Bernard van Praag


Bernard Marinus Siegfried van Praag is a Dutch economist, and Distinguished University Professor at the University of Amsterdam, noted for researching the measurement of welfare, as well-being and happiness.

Biography

Bernard van Praag was born in 1939 in Amsterdam, The Netherlands, as the son of Jonas Andries and Henriette Emma van Praag. He grew up in Bloemendaal. He studied econometrics at the University of Amsterdam, where he received a Ph.D. degree cum laude in 1968.
Van Praag was appointed professor at the Free University of Brussels in 1969, then in 1970 associate professor at Erasmus University, Rotterdam, professor of economics at the University of Leiden, professor at Erasmus University, professor in "applied economic research" at the University of Amsterdam, and managing director of the Foundation for Economic Research from 1992 to 2000. In 2000 he became Distinguished University Professor at the University of Amsterdam.
Van Praag was the founding president of the European Society for Population Economics, and co-editor of the Journal for Population Economics and Journal of Health Economics. He was a member of the Dutch Social Economic Council.
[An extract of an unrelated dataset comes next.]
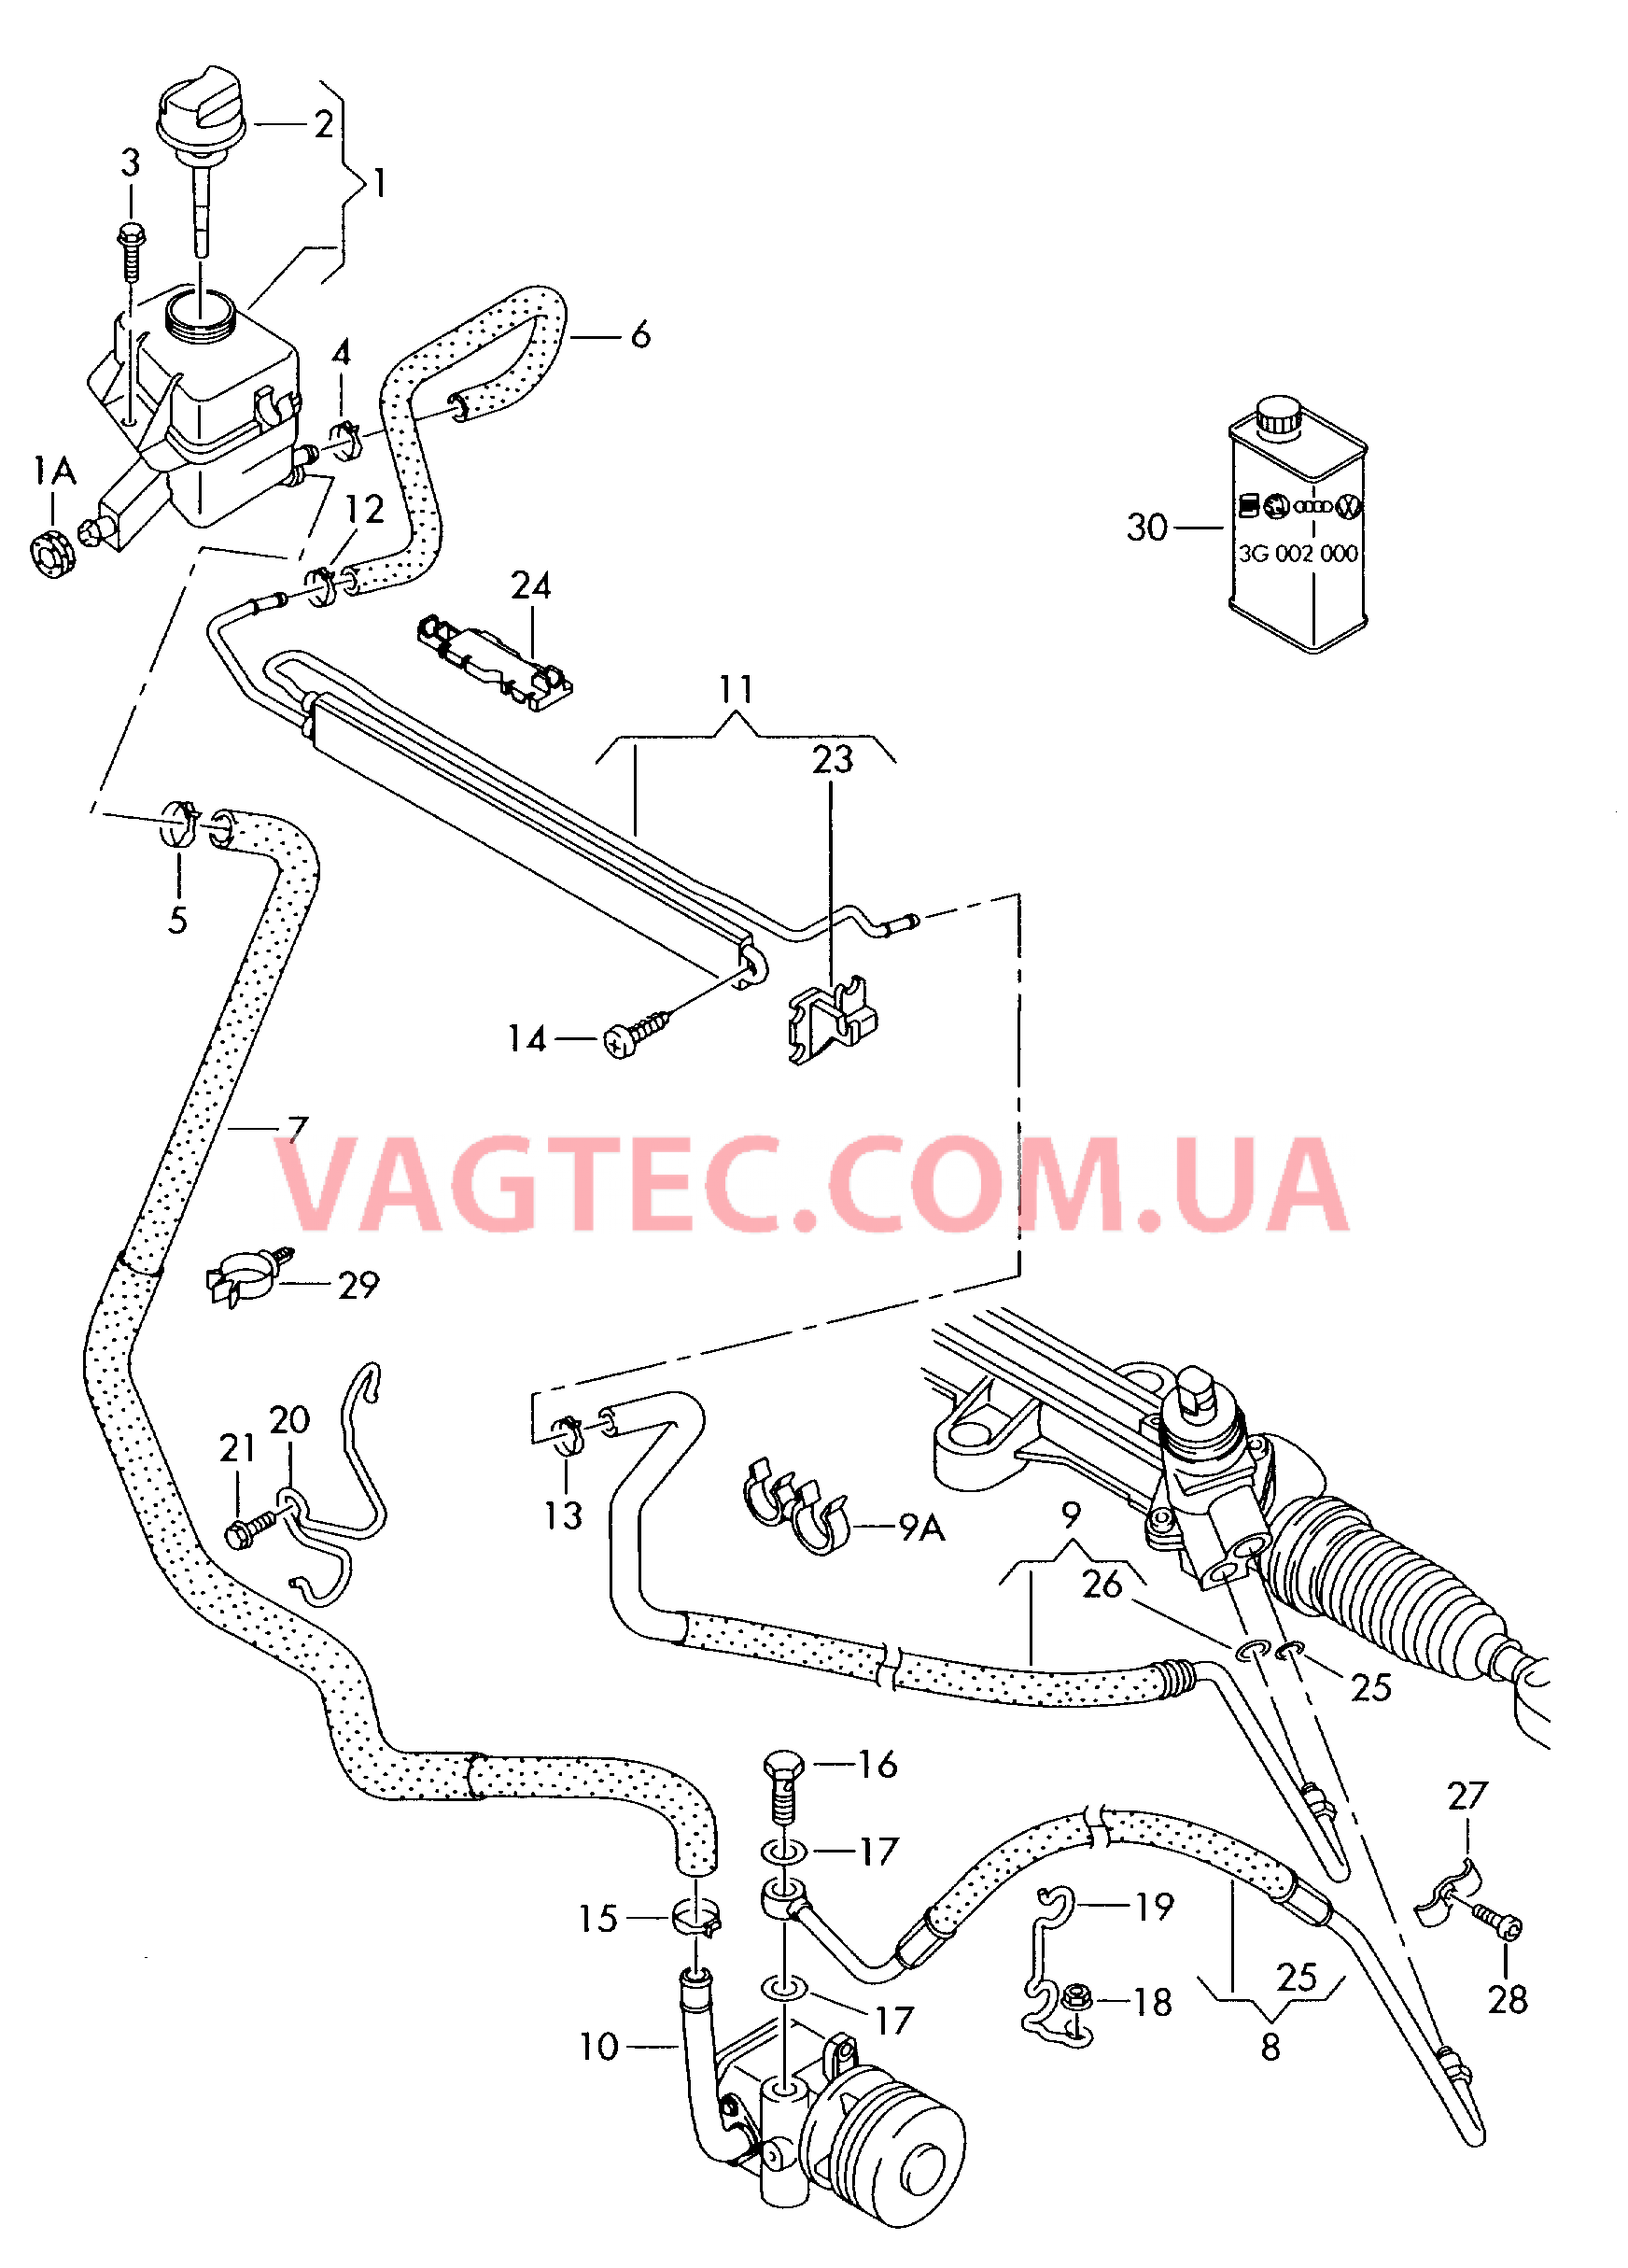 Масляный бачок с соединительными деталями, шлангами  для ГУРа  для VOLKSWAGEN Transporter 2007-1

In 1988-1992 he was a member of the Scientific Council for Government Policy, a prominent advisory body for the Dutch government on long term policy issues. He was the responsible council member for their report "Ouderen voor Ouderen", which initiated the demographic discussion on the aging society in the Netherlands.
He has published in a wide range of journals, including the Review of Economics and Statistics, European Economic Review, Journal of Public Economics, Journal of Population Economics, Econometrica, Psychometrika, Journal of Econometrics, Journal of Applied Econometrics, Review of Income and Wealth, Journal of Human Resources, Journal of Economic Psychology, Journal of Health Economics, Health Economics, Journal of Economic Behavior and Organization, the Economic Journal, Journal of Happiness Studies, Journal of Income Distribution, and Journal of Economic Inequality. He was mentioned in the top 5% of economics authors by Repec, as of September 2012.

Work

Leyden school

During his Leyden period, Van Praag initiated and acted as leader of the Leyden School project, his main co-authors being Arie Kapteyn and Aldi Hagenaars. Van Praag argued in his Ph.D. dissertation that utility of money could be seen as a cardinal concept.
Based on this idea he devised a specific question module, the Income Evaluation Question, intended to ask respondents which income level they would call "good", "sufficient", "bad", etc. The IEQ has been posed since 1970 to many thousands of respondents in large-scale surveys. Van Praag estimated the WFI for thousands of individuals in most countries of Western Europe.
He discovered a preference drift, whereby the WFI of the individual depends on current income and shifts with rising income to the right. Kapteyn and Van Praag discovered reference drift, which means that individual welfare depends on the income of the reference group members. The analysis led to the estimation of subjective family equivalence scales and subjective definitions of poverty. He carried out several large-scale poverty studies for the European Union.
Van Praag has also been active on econometric methodology, labour and health economics, conjoint or vignette analysis and the economics of ageing. The Leyden School may be seen as a precursor of modern happiness economics by about twenty years. In the words of Claudia Senik when reviewing Happiness Quantified:
Andrew Clark et al. in their authoritative survey comparing Van Praag's work with the happiness papers from 1990 onwards write:

Recent research

After a relative calm period, during which Van Praag was engaged in semi-commercial research, Van Praag resumed his academic research at the end of the 1990s.
He enriched his research by adopting the satisfaction question module used by modern happiness economists. His main new results are the application of happiness economics with Barbara Baarsma to estimate shadow prices of airplane-noise hindrance near Amsterdam Airport, which method may be used for estimating the shadow prices of other external effects as well and the development of a two-layer model with Frijters and Ferrer-i-Carbonell, where life satisfaction is seen as an aggregate of domain satisfactions.
He published in 2004 the comprehensive monograph Happiness Quantified, a Satisfaction Calculus Approach, which was revised in 2008 and translated into Chinese in 2010. He is a regular contributor to the Dutch dailies NRC Handelsblad and de Volkskrant and the professional weekly Economisch-Statistische Berichten.

Honours

Van Praag is a Fellow Emeritus of the European Economic Association, member of the Royal Netherlands Academy of Arts and Sciences since 1999, elected as a member of the International Statistical Institute, member of the Royal Dutch Society of Sciences, Fellow of CESifo Munich, IZA Bonn, DIW Berlin, AIAS Amsterdam, Honorary Fellow and chairman–founder of the Tinbergen Institute.